Imagine you have a massive spreadsheet where every row and every column is a word, and each cell records how often those two words appear near each other across an entire library. This co-occurrence matrix contains a wealth of information about word relationships, but it is enormous and noisy. GloVe (Global Vectors for Word Representation) is an algorithm that compresses this matrix into compact word vectors -- typically 50 to 300 dimensions -- while preserving the essential relationships.
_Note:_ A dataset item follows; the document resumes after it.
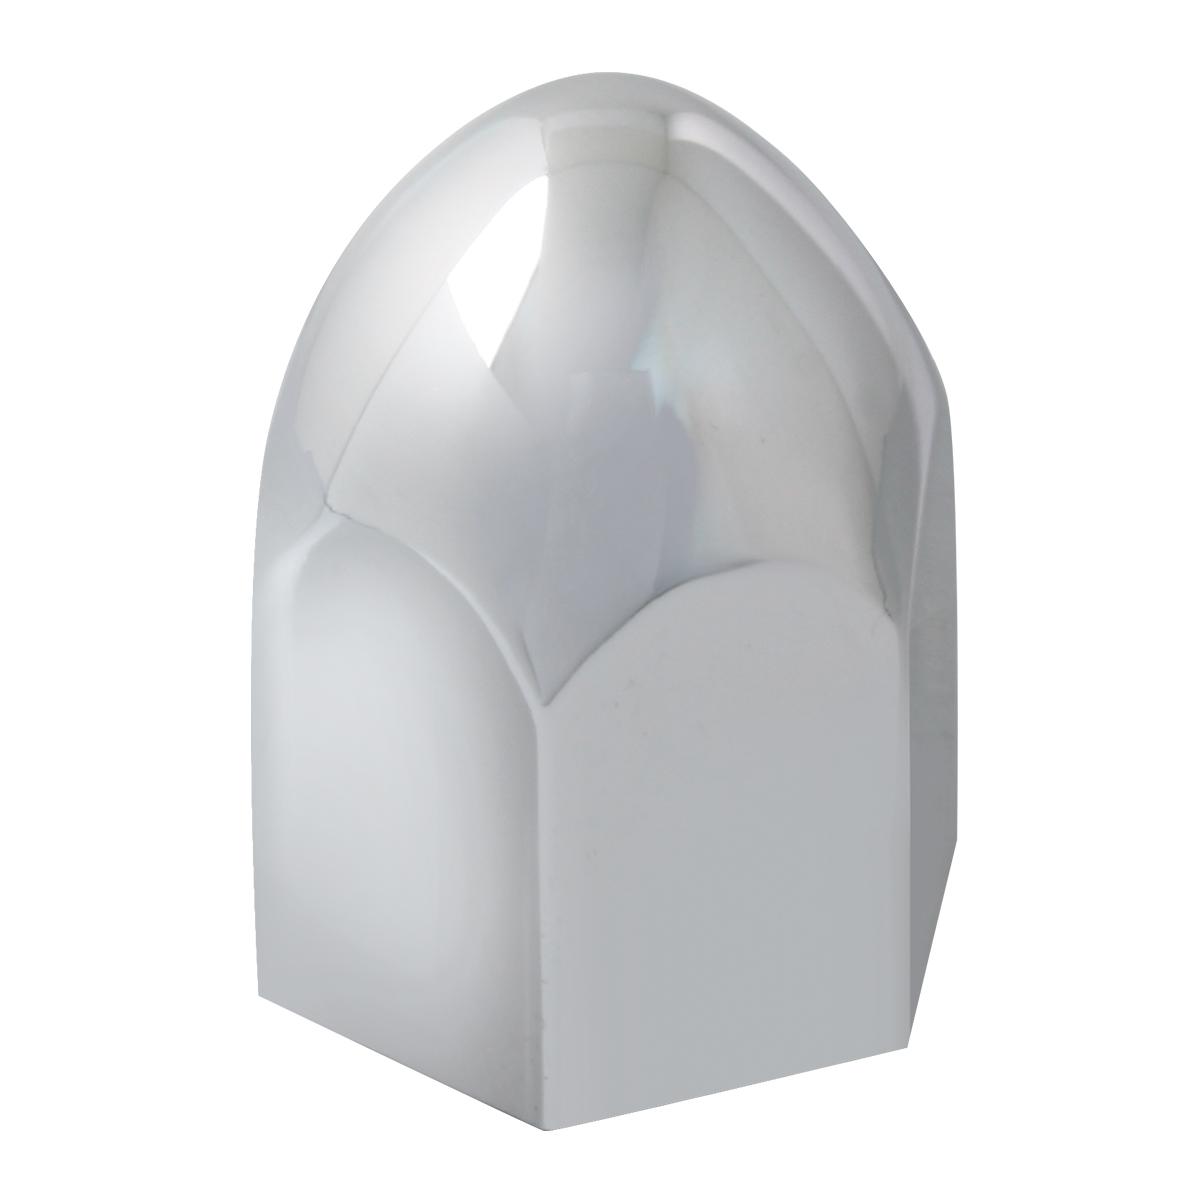 GG Grand General 52009 Chrome Plastic Ashtray Cover for Pete 06+
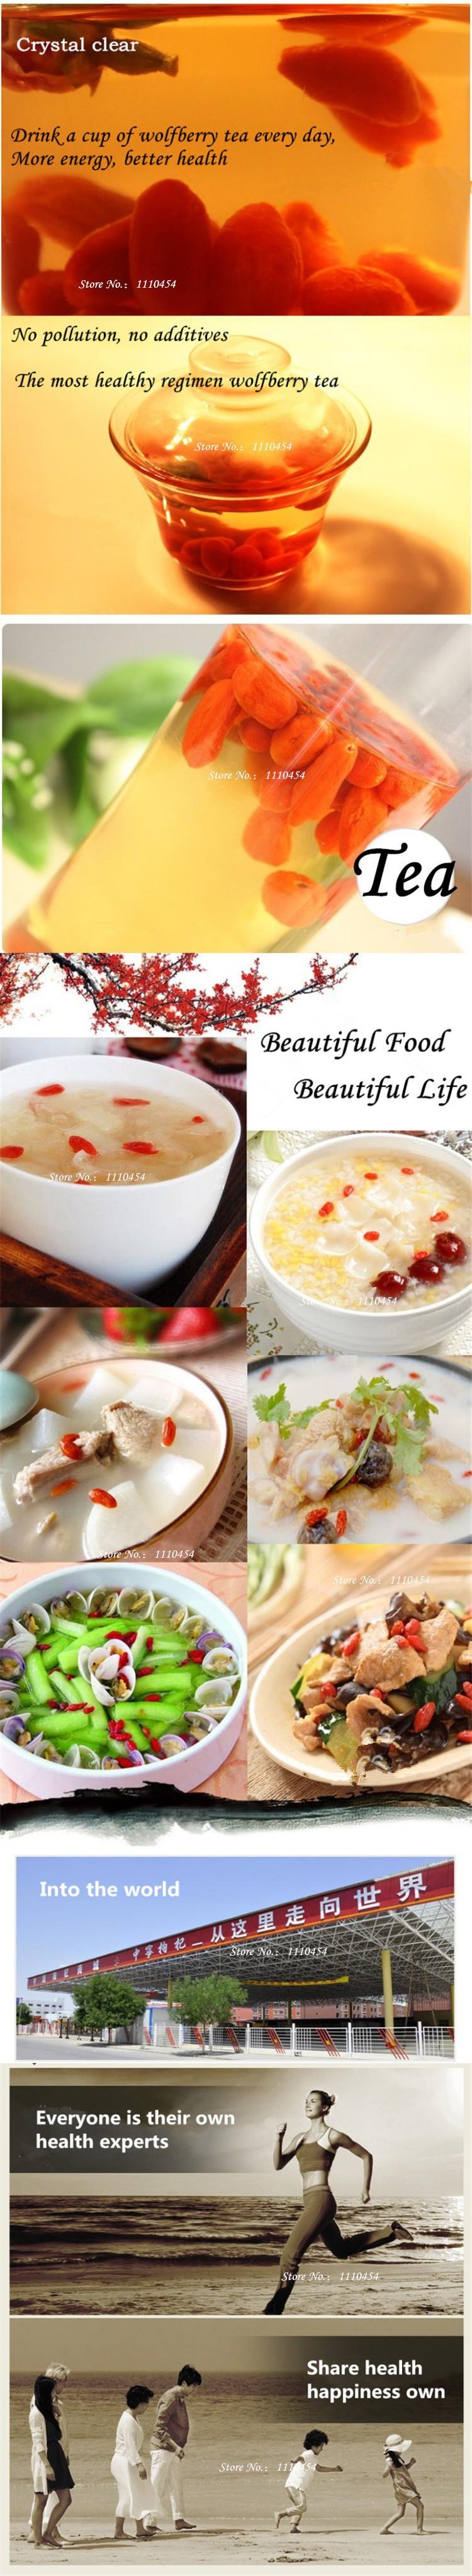 C-TS066 Natural goji ning xia zhong ning goji berry 100g Chinese wolfberry goji berries herbal Tea green food for health

Developed by Pennington, Socher, and Manning at Stanford in 2014, GloVe explicitly targets a mathematical property: the ratio of co-occurrence probabilities between words should be captured by the difference of their vectors. If "ice" co-occurs frequently with "solid" but rarely with "gas," and "steam" co-occurs frequently with "gas" but rarely with "solid," then the ratio P(solid|ice)/P(solid|steam) is large, and GloVe ensures this is reflected in the vector geometry.
How It Works
Building the Co-occurrence Matrix
First, scan the entire corpus with a symmetric context window of size c (typically 10). For each word pair (i, j) within the window, increment X_ij. Closer words receive higher weight: a word 1 position away contributes 1, a word k positions away contributes 1/k. The result is a symmetric, sparse matrix X of size |V| x |V|.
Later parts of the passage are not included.